Structure n=100 n=1000 n=10000 n=100000
Array 0.000016 sec 0.001698 sec 0.157349 sec 15.782043 sec
Sorted Array 0.000001 sec 0.000002 sec 0.000013 sec 0.000130 sec
Linked List 0.000020 sec 0.002133 sec 0.222554 sec 21.181374 sec
Linked List Poor Locality 0.000020 sec 0.004259 sec 1.084074 sec 439.200296 sec
Binary Tree 0.000002 sec 0.000008 sec 0.000064 sec 0.000391 sec
Binary Tree Unbalanced 0.000012 sec 0.003264 sec 0.349664 sec 34.142476 sec
Red Black Tree 0.000001 sec 0.000006 sec 0.000157 sec 0.001691 sec

Key Takeaways:

  • When there are 10,000 or fewer items in a collection, the choice of data structure is close to inconsequential.
  • Finding the Max value in a large Array or Linked List is unreasonably slow.
  • A Linked List with suboptimal spatial locality has dire performance implications.

Predecessor

PREDECESSOR RUN TIMES

Structure n=100 n=1000 n=10000 n=100000
Array 0.000056 sec 0.005415 sec 0.592855 sec 71.003978 sec
Sorted Array 0.000003 sec 0.000033 sec 0.000435 sec 0.005575 sec
Linked List 0.000086 sec 0.008289 sec 0.812207 sec 78.459917 sec
Linked List Poor Locality 0.000077 sec 0.007699 sec 1.579743 sec 589.928713 sec
Binary Tree 0.000005 sec 0.000047 sec 0.000965 sec 0.007140 sec
Binary Tree Unbalanced 0.000054 sec 0.005520 sec 0.522937 sec 54.988196 sec
Red Black Tree 0.000002 sec 0.000044 sec 0.000392 sec 0.007062 sec

Key Takeaways:

  • These results highlight the importance of search tree balance.
  • Because data was inserted into the Binary Tree in random order, the run times are comparable with Red-Black Tree.
  • A Linked List with suboptimal spatial locality has dire performance implications.

Rank

RANK RUN TIMES

Structure n=100 n=1000 n=10000 n=100000
Array 0.000025 sec 0.002207 sec 0.183034 sec 18.222195 sec
Sorted Array 0.000002 sec 0.000019 sec 0.000313 sec 0.002957 sec
Linked List 0.000017 sec 0.002251 sec 0.214607 sec 19.418371 sec
Linked List Poor Locality 0.000018 sec 0.005014 sec 1.078370 sec 402.518668 sec
Binary Tree 0.000003 sec 0.000021 sec 0.000259 sec 0.002615 sec
Binary Tree Unbalanced 0.000018 sec 0.003281 sec 0.349165 sec 36.926841 sec
Red Black Tree 0.000002 sec 0.000022 sec 0.000258 sec 0.003379 sec

Key Takeaways:

  • Rank, Predecessor, and Max have virtually the same run time results because the algorithms are similar.

Source Code

Full Repo

Relevant Files:

Click here for details on generating actual run time data

Exercises

  1. Using the programming language of your choice, code insert, delete, and search, operations for an array, linked list, and binary tree.

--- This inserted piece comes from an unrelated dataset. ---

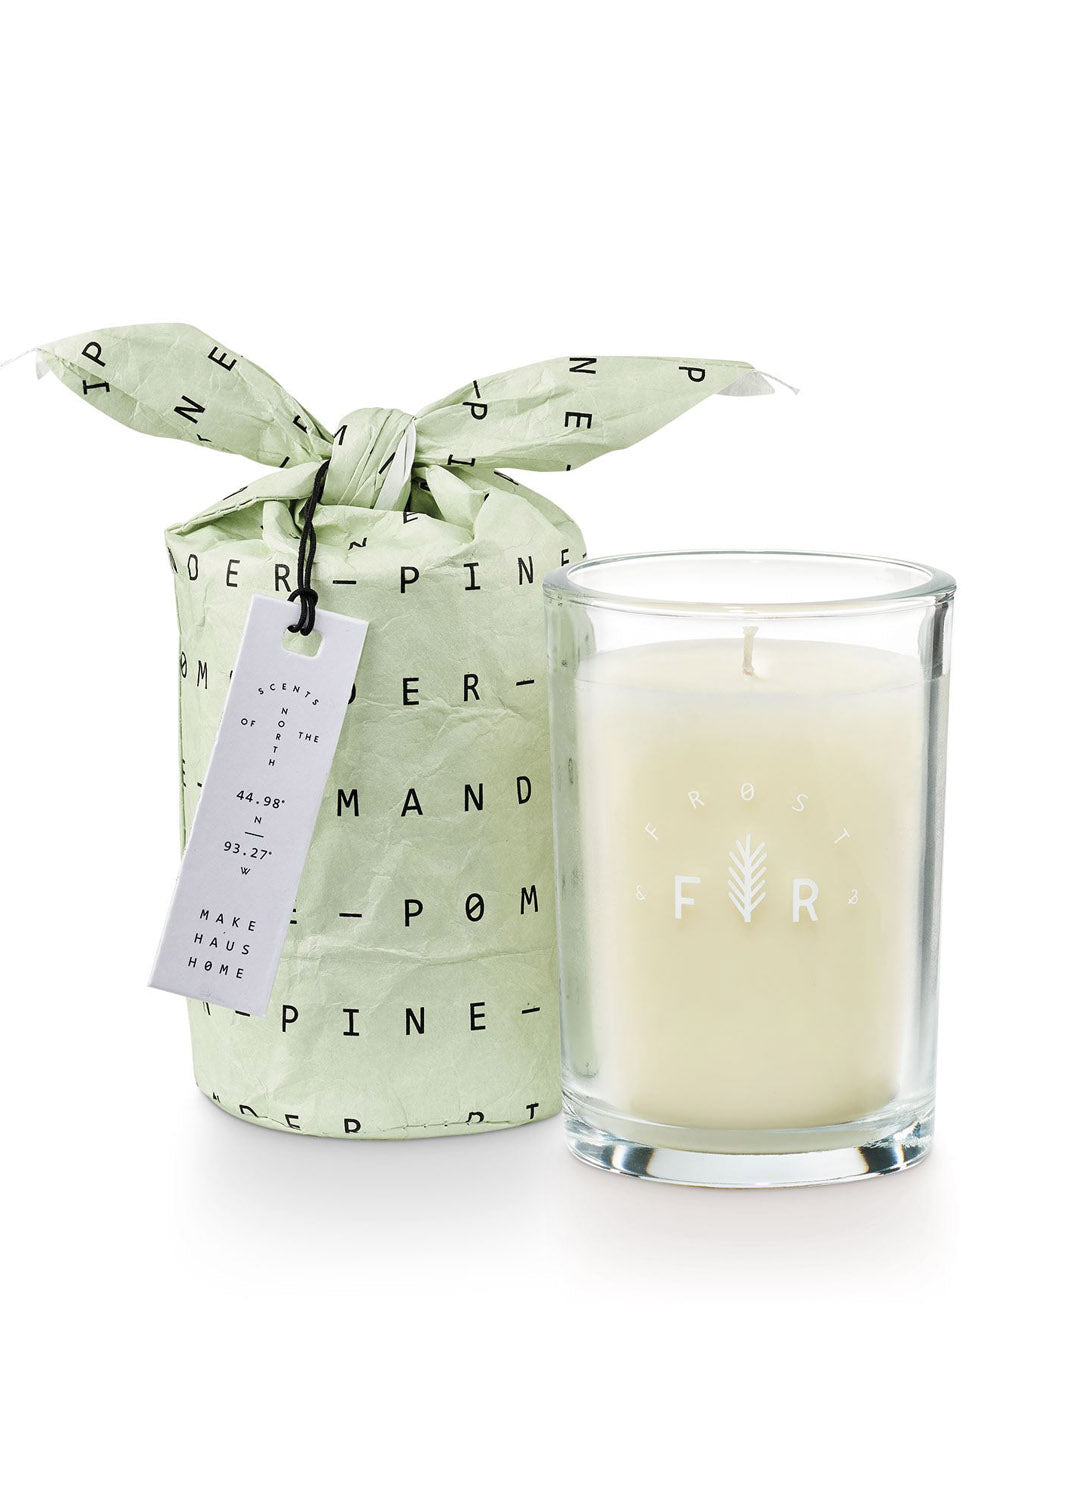 Frost & Fir Bagged Glass Soy Candle - FINAL SALE Home & Lifestyle Pomander Pine
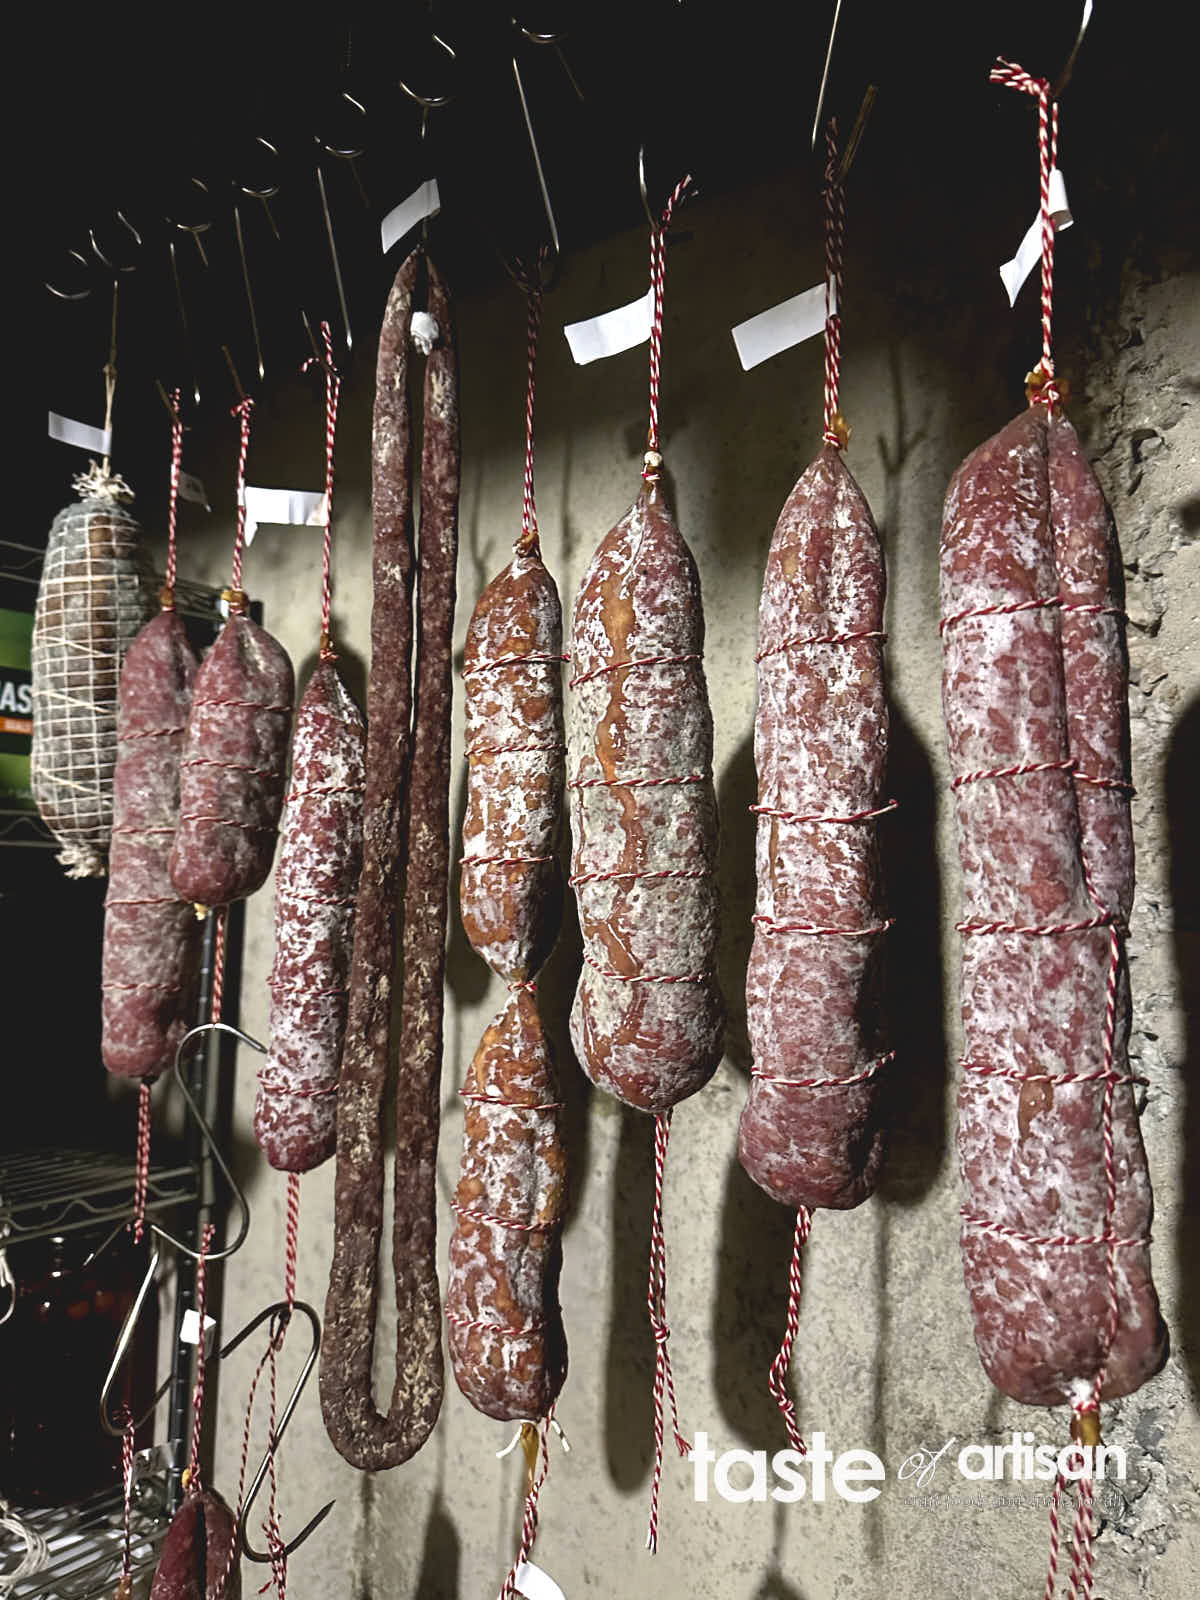 Salami and capicala hanging in a meat curing cellar.

    PRO TIP: Create a suite of unit tests to validate your list data structure algorithms.

  1. Results will vary depending on the hardware and current workload of the machine on which the benchmarks are run. All data was collected using a docker container running on a Surface Book 2 Laptop (Intel Core i7, 16 GB RAM). 

  2. Insert/Delete, Min/Max, and Predecessor/Successor are all symmetric operations.